Now on today's committee of adjustment agenda as we move west along Teston Rd there are two properties requesting delisting as heritage status one a log cabin at 3911 Teston Rd quoted from the July 20/2022 staff report: "Today, the site consists of a pile of debris where the log building once stood."
https://pub-vaughan.escribemeetings.com/filestream.ashx?DocumentId=1157…

No explanation as how it came to be a pile of debris. Nor the timing of the applications attachments to the Heritage Committee, there is demolition request from 2019 and a request from the landowners consultant to delist the property b/c there is no structures left that are of cultural significance. Then there is the delisting for 3180 Teston Rd also destroyed in a fire with the consultant landowners request (https://pub-vaughan.escribemeetings.com/filestream.ashx?DocumentId=1157…) that it be delisted. The staff report on today's agenda provides a link to the Heritage Committee report due to the size of the attachments rather than listing them as attachments. Suggesting they are too large to attach does not seem plausable given that there are no issues attaching documents that are master plans and 100s of pages long. Again transparency is lacking here too, intentional or not.

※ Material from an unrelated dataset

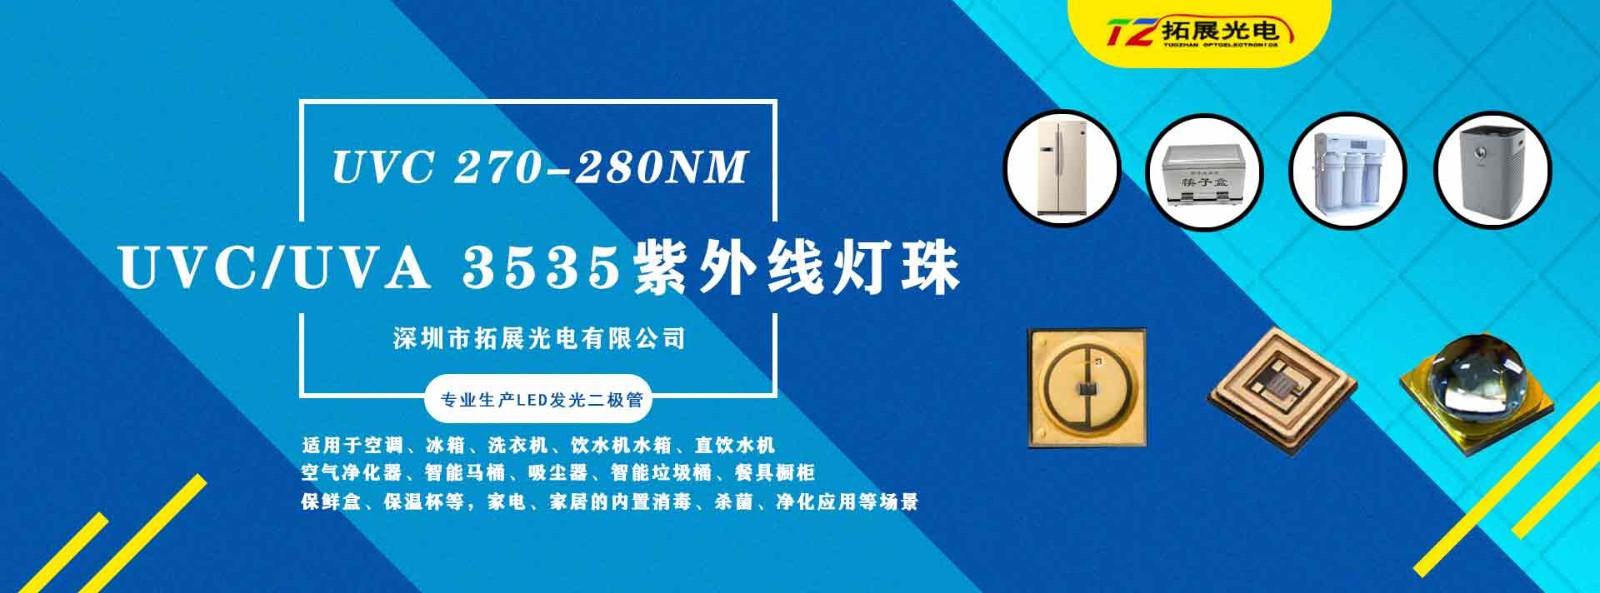 疫情商机:厂家直销3535紫外线 UVC 消毒杀菌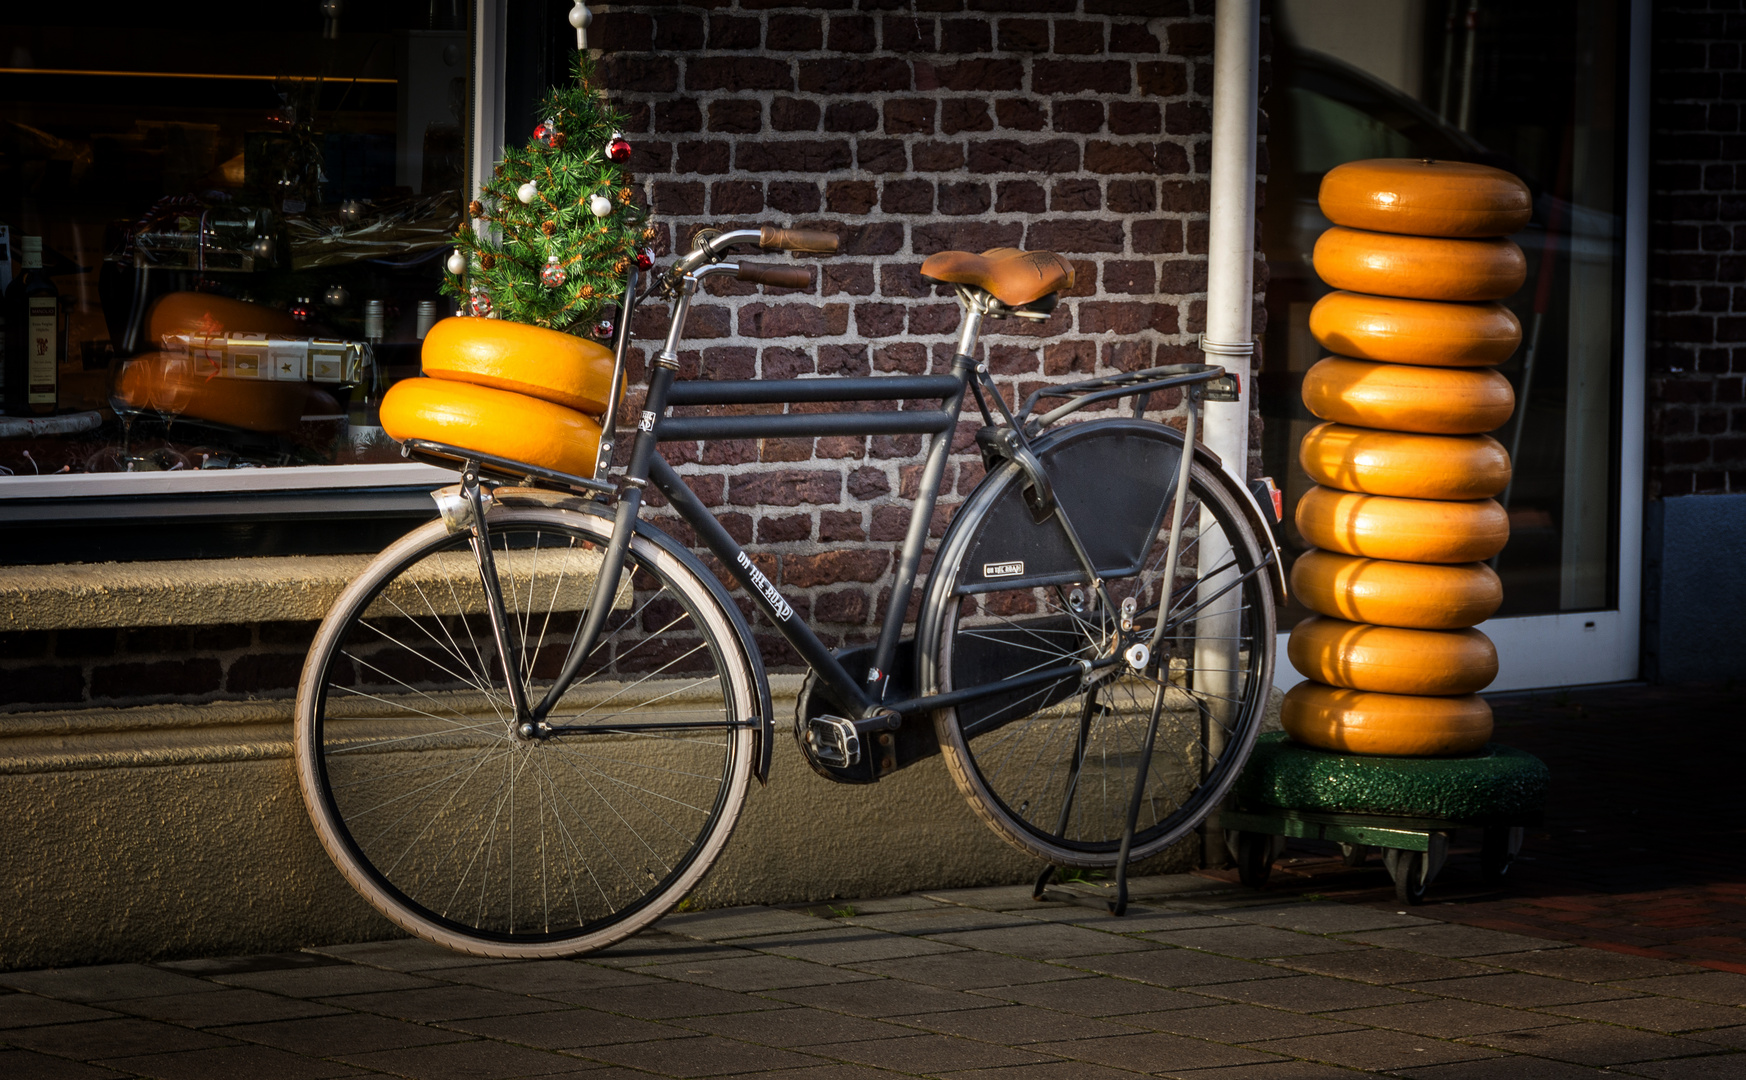 weihnachten auf holl ndisch foto bild stillleben autos zweir der essen trinken bilder

Was there any due diligence done on behalf of Vaughan staff to protect or investigate why 3 properties on the same block, under intense development pressure, identified for protection under Ontario's Heritage Act have either caught fire or become a pile of debris? It seems highly coincidental.

All you have to promote Vaughan's heritage is to point people to the archives as was done in Councillor newsletters and City social media statements recently.

Vaughan Planning staff insult residents and provincial planning and environmental legislation when they continually parrot that any and all development applications are "consistent with the Provincial Policy Statement" when they clearly are not; it is a slow, relentless push to destroy what little cultural and natural heritage remains in Vaughan. By the time developments are complete they look nothing like what was in approved Official Plans, Secondary Plans or what the public was actually consulted upon for approval.

I understand there is relentless pressure for development and limited resources but that does not excuse ignoring issues of compliance and enforcement. The only way these issues can be addressed is if they are identified, recognized and brought to light. To not do so makes Council and Vaughan staff culpable and perpetuates what can only be described as a 'culture of complacency".